─── Provided material

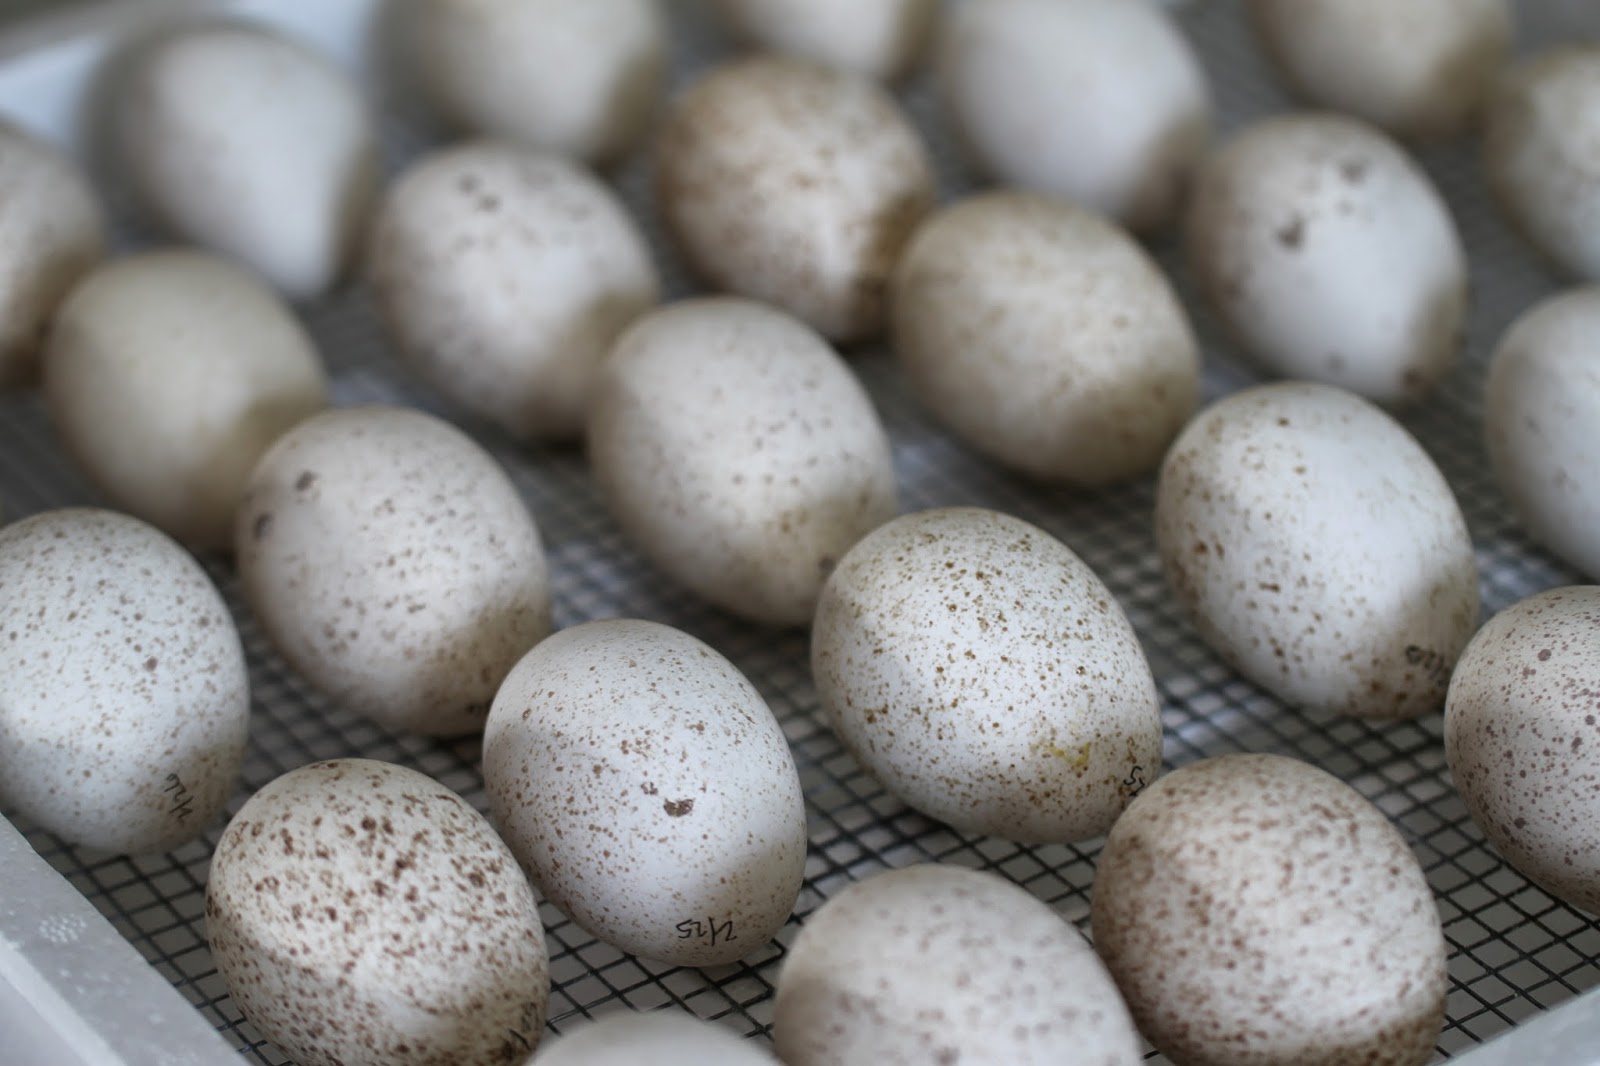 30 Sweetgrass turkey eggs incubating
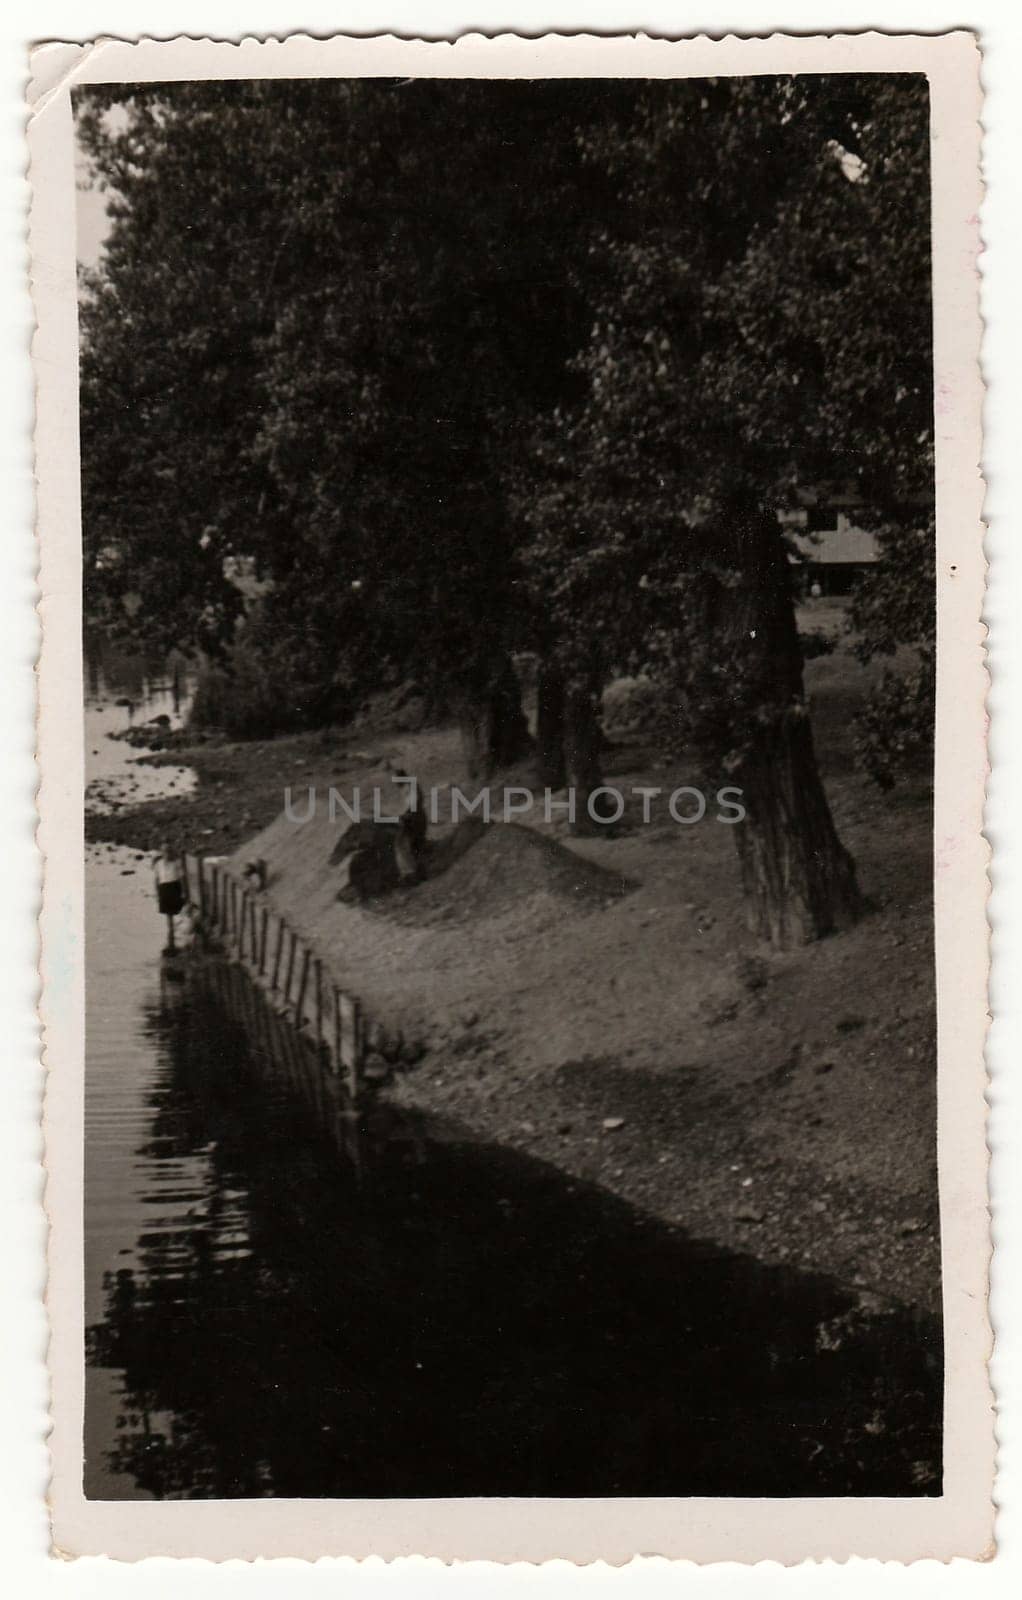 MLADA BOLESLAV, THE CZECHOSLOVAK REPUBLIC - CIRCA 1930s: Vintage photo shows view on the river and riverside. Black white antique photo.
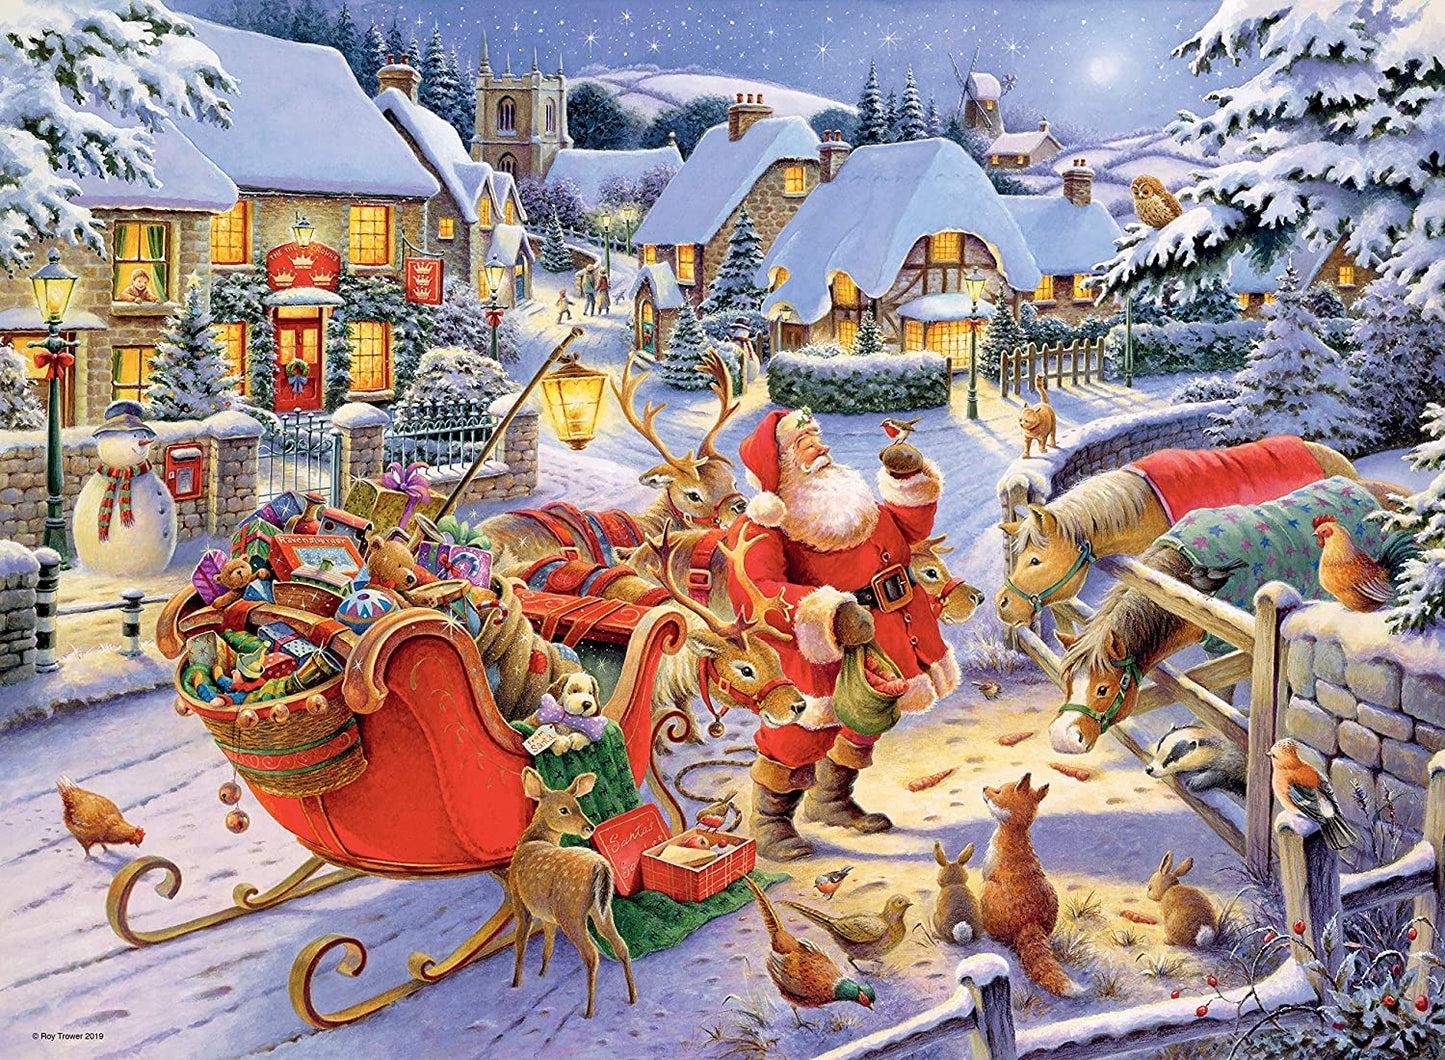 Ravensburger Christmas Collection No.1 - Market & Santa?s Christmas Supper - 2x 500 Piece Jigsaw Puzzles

──────

Goal of the exercise
The line containing "MLADA BOLESLAV, THE" and every line after it, through the end of the data, are to be output exactly. Omit the pictures.

Result of the exercise
 MLADA BOLESLAV, THE CZECHOSLOVAK REPUBLIC - CIRCA 1930s: Vintage photo shows view on the river and riverside. Black white antique photo.
 Ravensburger Christmas Collection No.1 - Market & Santa?s Christmas Supper - 2x 500 Piece Jigsaw Puzzles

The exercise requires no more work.